Меня вывели в соседнюю комнату, где был накрыт стол. Один из дачников поднял бокал:
— Поблагодарим Петра Сергеевича и доктора, которые первые откачали молодого человека… И да послужит наше дружеское сочувствие в знак того, что он не так забыт, как многие из прочих утопленников!..
Другой дачник, огромного роста с белым лицом и с туловищем, похожим на комод, тоже сказал спич[233]:
— Не только в молодые, а даже в наши года могут случаться от женщины такие реприманды[234], что просто ум раздвигается на части. Все мы знаем по делам нашим, что в прошлом году случилось с нами, от Эмилии Карловны… То есть, я хочу сказать — с ее мужем. В этаком разе, ежели бы с ним не сладил Веревкин Костя, под Новый год у «Яра», то скажу прямо: фабрика пошла бы к дьяволу.

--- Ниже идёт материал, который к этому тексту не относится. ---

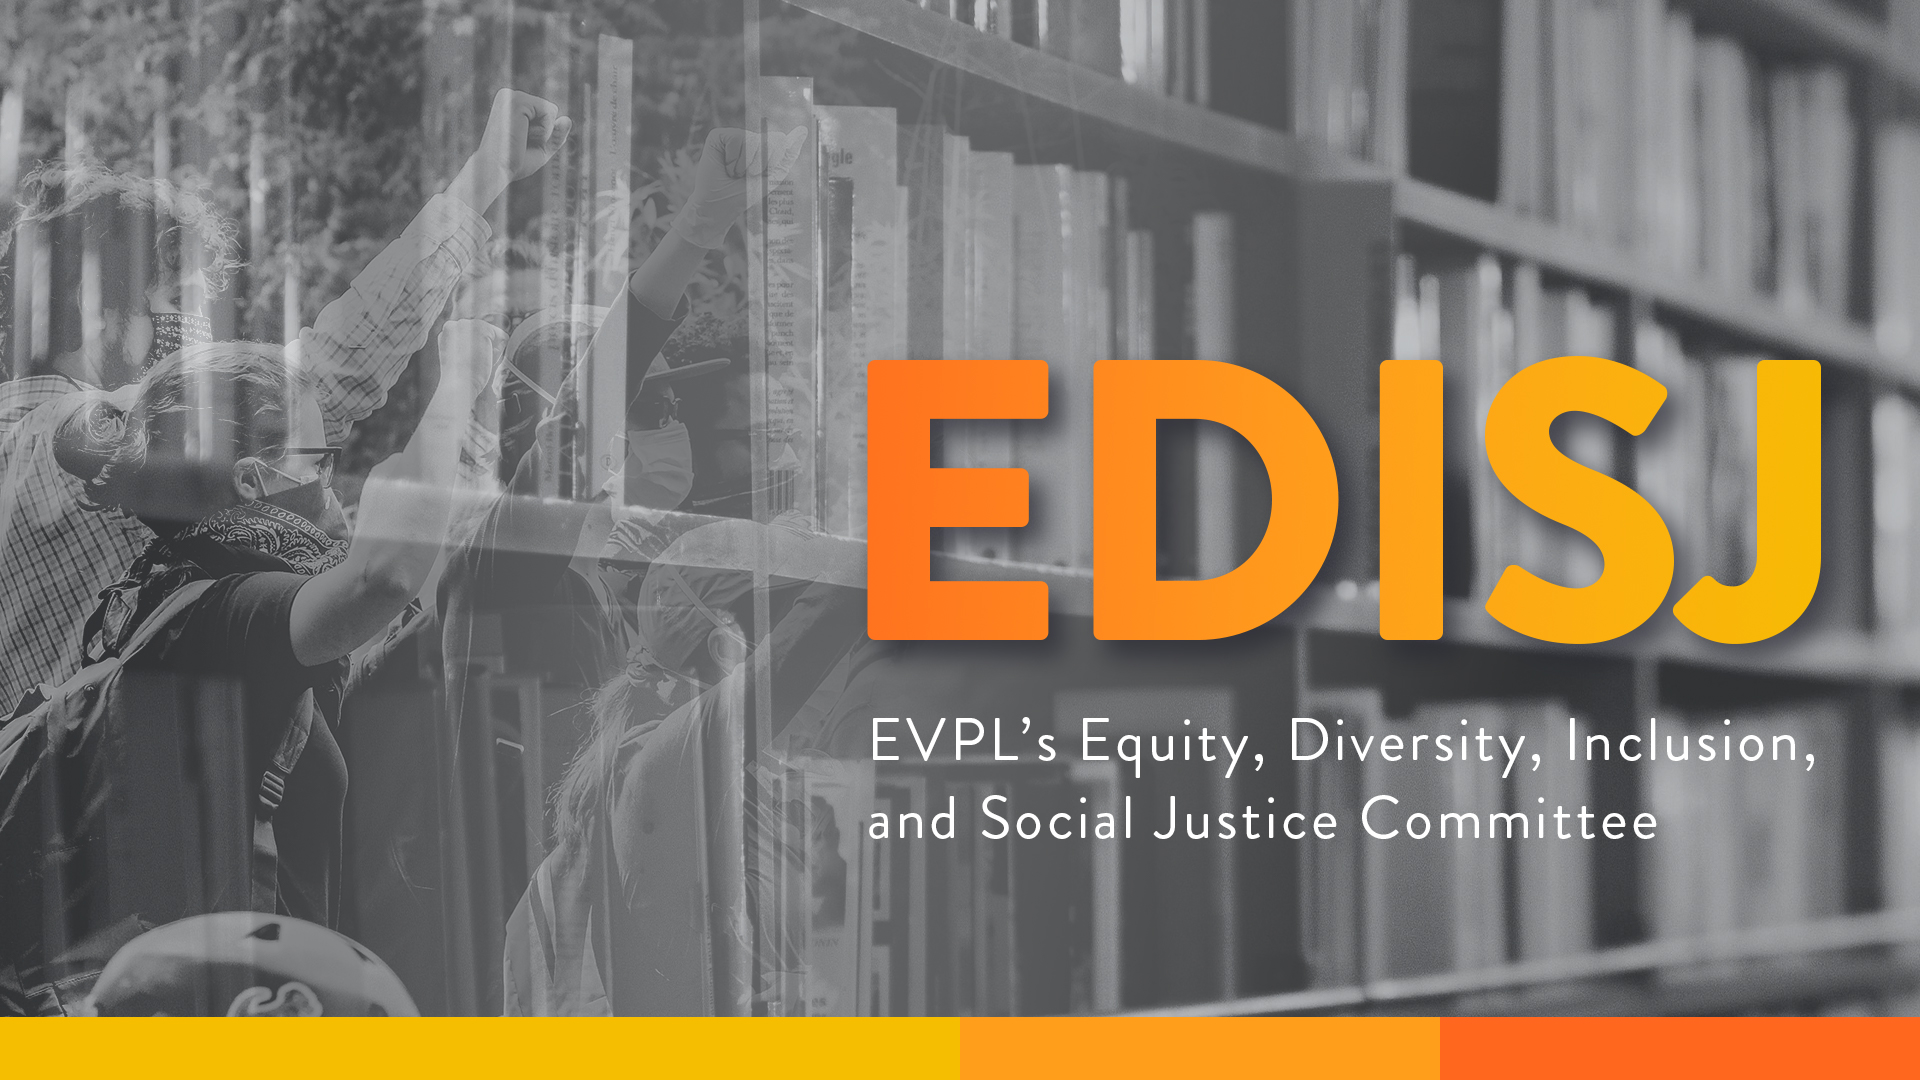 Equity, Diversity, Inclusion, and Social Justice Team at EVPL

На меня все глядели с сожалением и радостью. Дамы ухаживали за мной, особенно одна… Она жала мне руку и повторяла на ухо:
— Ну, что за охота! Вы так молоды…
Тут в комнату, где я сидел и пил со всеми, вошла она, виновница моей гибели. Вошла торжественно.
— Как счастлива… Вы спасены. Как я страдала! Но вот и доктор говорит, что нет ни в одной литературе мира, чтобы человек топился от любви при женщине. Вы не понимаете красоты драмы…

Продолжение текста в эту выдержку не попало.